The court reached the same conclusion for similar reasons with respect to the disparate impact claim. The proffered expert report noted that despite the facial neutrality of the policy, where many if not most SSDI recipient recipients live check to check and are tied to the disbursal schedule, they are unable to rent apartments they would otherwise be able to afford exclusively because of the due date policy. As such, the policy was found to effect disabled and non-disabled tenants at extremely disproportionate rates. Once again, the court found the defendant failed to adequately support their claimed undue hardship where they offered, “no real calculation of the cost of changing this policy, and … their fundamentally altered business practices arguments are contradicted” by evidence that Defendants already make similar accommodations for many of their tenants.

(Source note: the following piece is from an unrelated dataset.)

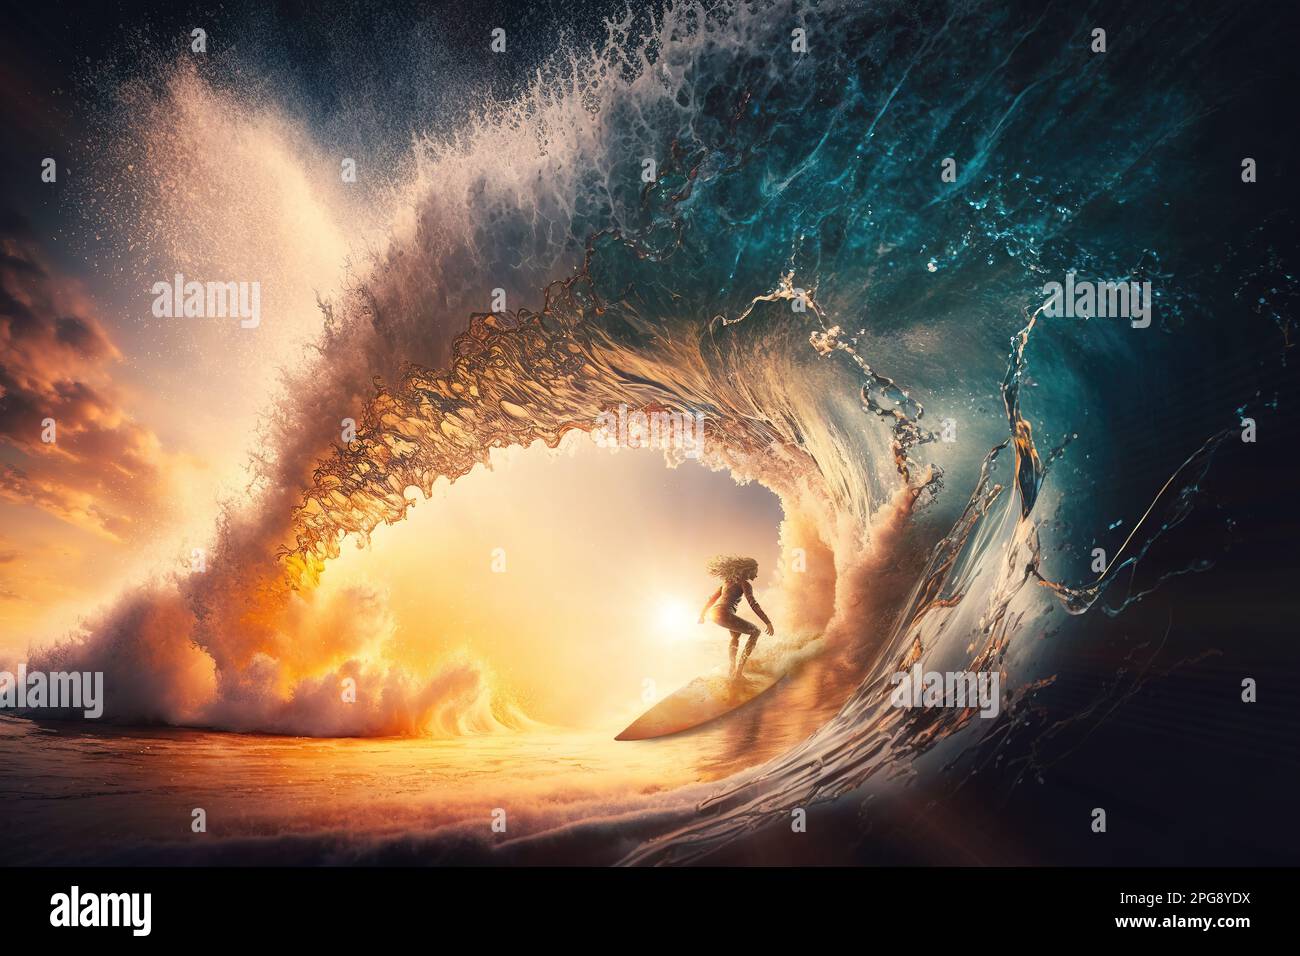 Eine Frau surft auf einer unglaublichen großen Welle. Composite mit verschiedenen Elementen, die mit generativer KI erstellt wurden Stockfoto
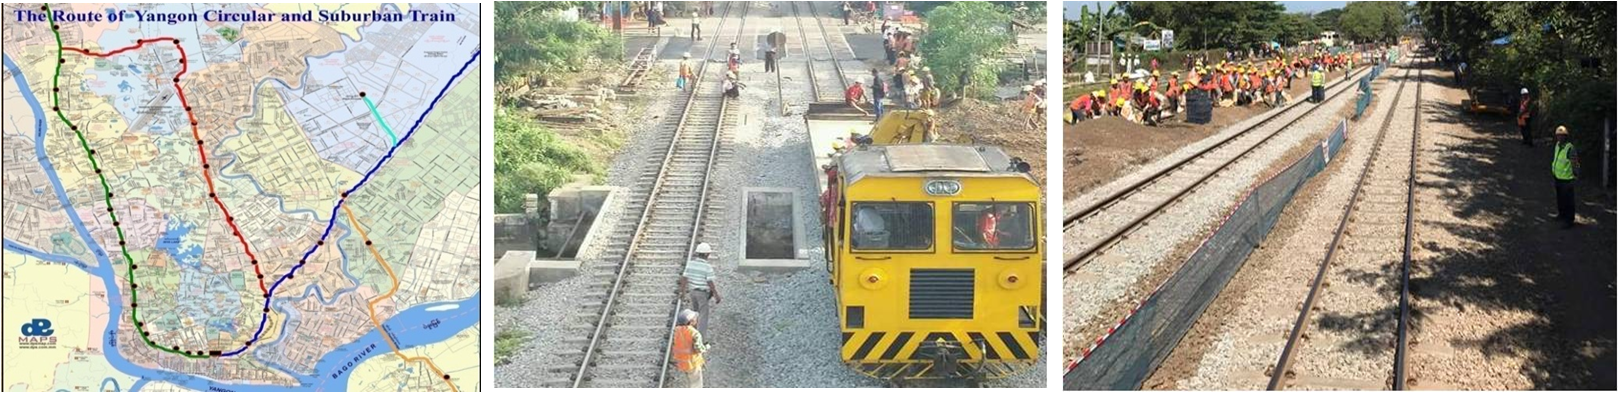 ရန်ကုန်မြို့ပတ် ရထားလမ်းအဆင့်မြှင့်တင်ရေးစီမံကိန်း(၅၉)မိုင်

Companies with policies against modifying due dates would be well served to take steps to ensure that the policy is being uniformly enforced including with respect to special accommodations granted to employees living on site. In light of this holding that these requested accommodations fall squarely within the purview of the FHAA, defending these policies will likely come at increased costs, where defendants will be required to provide detailed (and costly) cost analysis to have any hope of prevailing, and any inconsistency in application will undermine a defense.
 The Fair Housing Amendments Act of 1988 amended the Fair Housing Act of 1968 to extend protection to people with disabilities.